Reform Dynamics in Japan: Exit and Voice
By Etienne RP
Leonard Schoppa's thesis starts from the concepts of exit and voice developed by political scientist Albert Hirschman. For Hirschman, the degree to which national authorities pursue reforms is a function of the ease of social actors to escape problems ("exit") or to organize collectively to demand change ("voice"). Authorities are forced to react when exit behaviours become so widespread that the problem at hand develops into a crisis (people "vote with their feet") or when social actors overcome obstacles to collective action and voice their discontent (people "take to the streets"). As a consequence, we should expect the most reform-oriented policies in sectors or in circumstances when exit costs are either very low, provoking a race for the exits, or when they are so high that people have no other solution but to organize and press for change. The propensity to reform is the lowest in intermediary cases when exit costs are neither high nor low, and so when there is neither mass exit nor organized protest.
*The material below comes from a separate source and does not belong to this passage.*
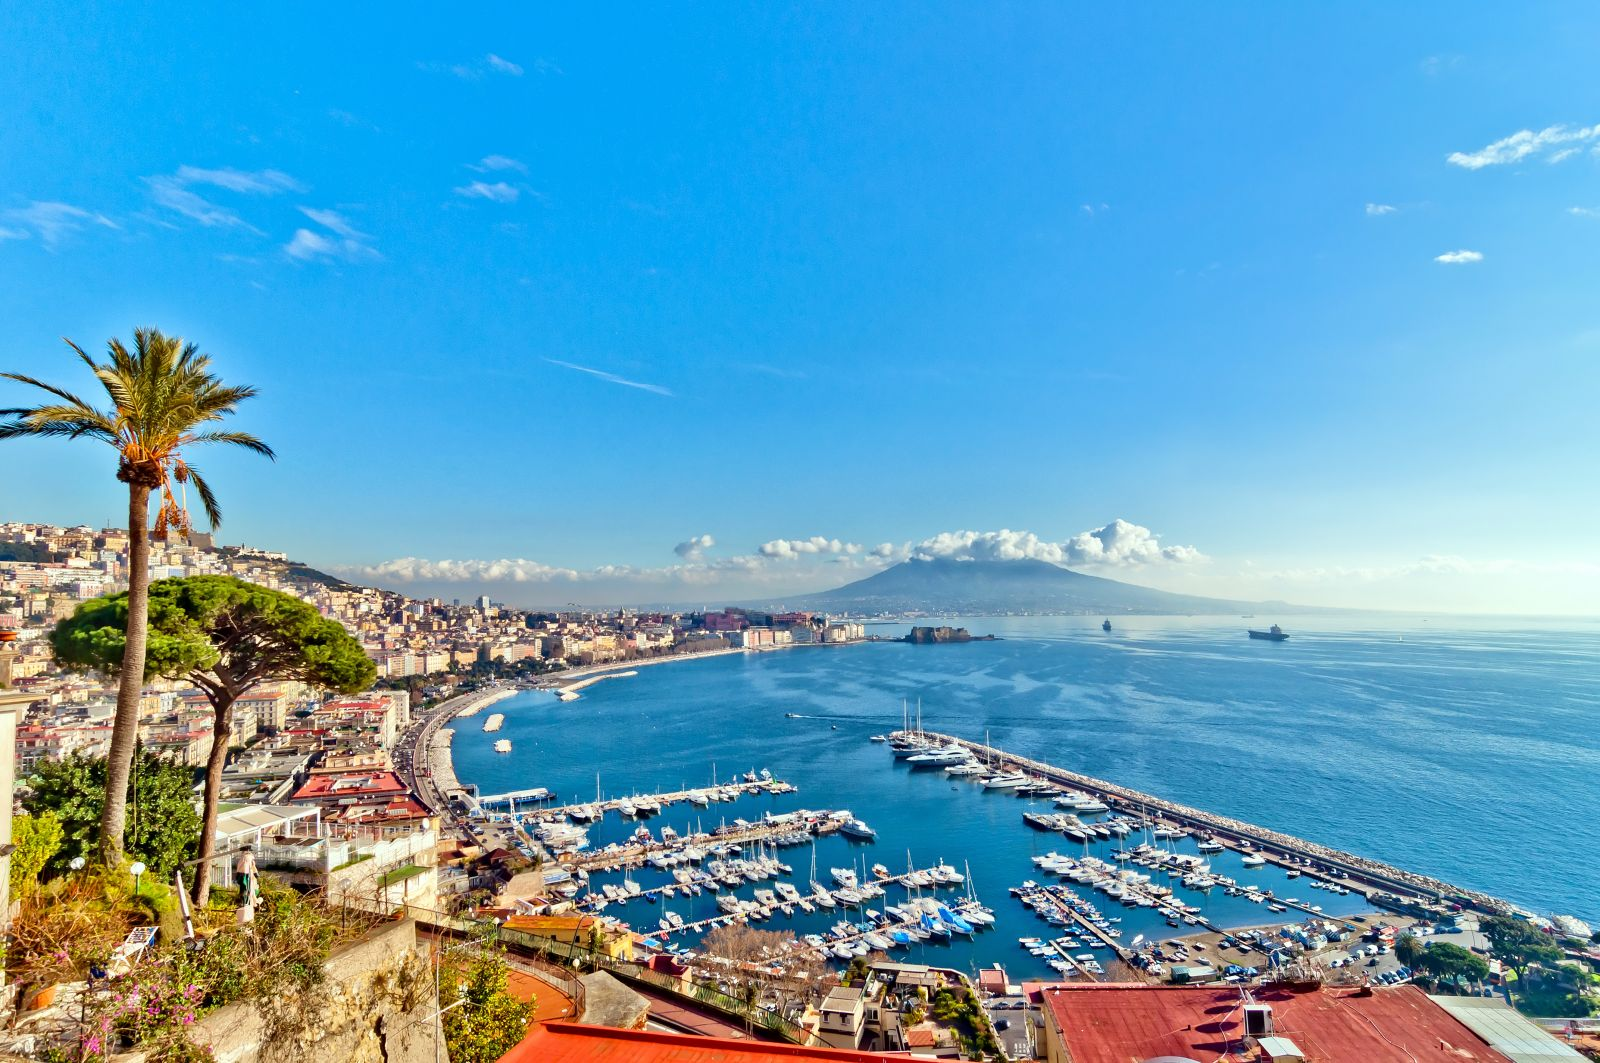 In Neapel taucht man in die reiche Geschichte der Gegend ein, zum Beispiel nach Pompeji oder in das unterirdische Neapel.  ©eddygaleotti/AdobeStock

In Race for the Exits, Leonard Schoppa applies this simple model to the dynamics of reform in contemporary Japan and looks in particular at the decisions made by two types of social actors: firms and women. He argues that the postwar welfare system rested on sacrifices made by these two actors. Firms maintained domestic production and protected their core workers as part of the "convoy capitalism" led by the Japanese bureaucracy. Women left the workforce to marry, raise children, and eventually care for aging parents and in-laws. As this system of social protection unravelled in the 1990s, the author offers four case studies illustrating the incentive for reform or lack thereof depending on the frequency of exit or voice behaviours.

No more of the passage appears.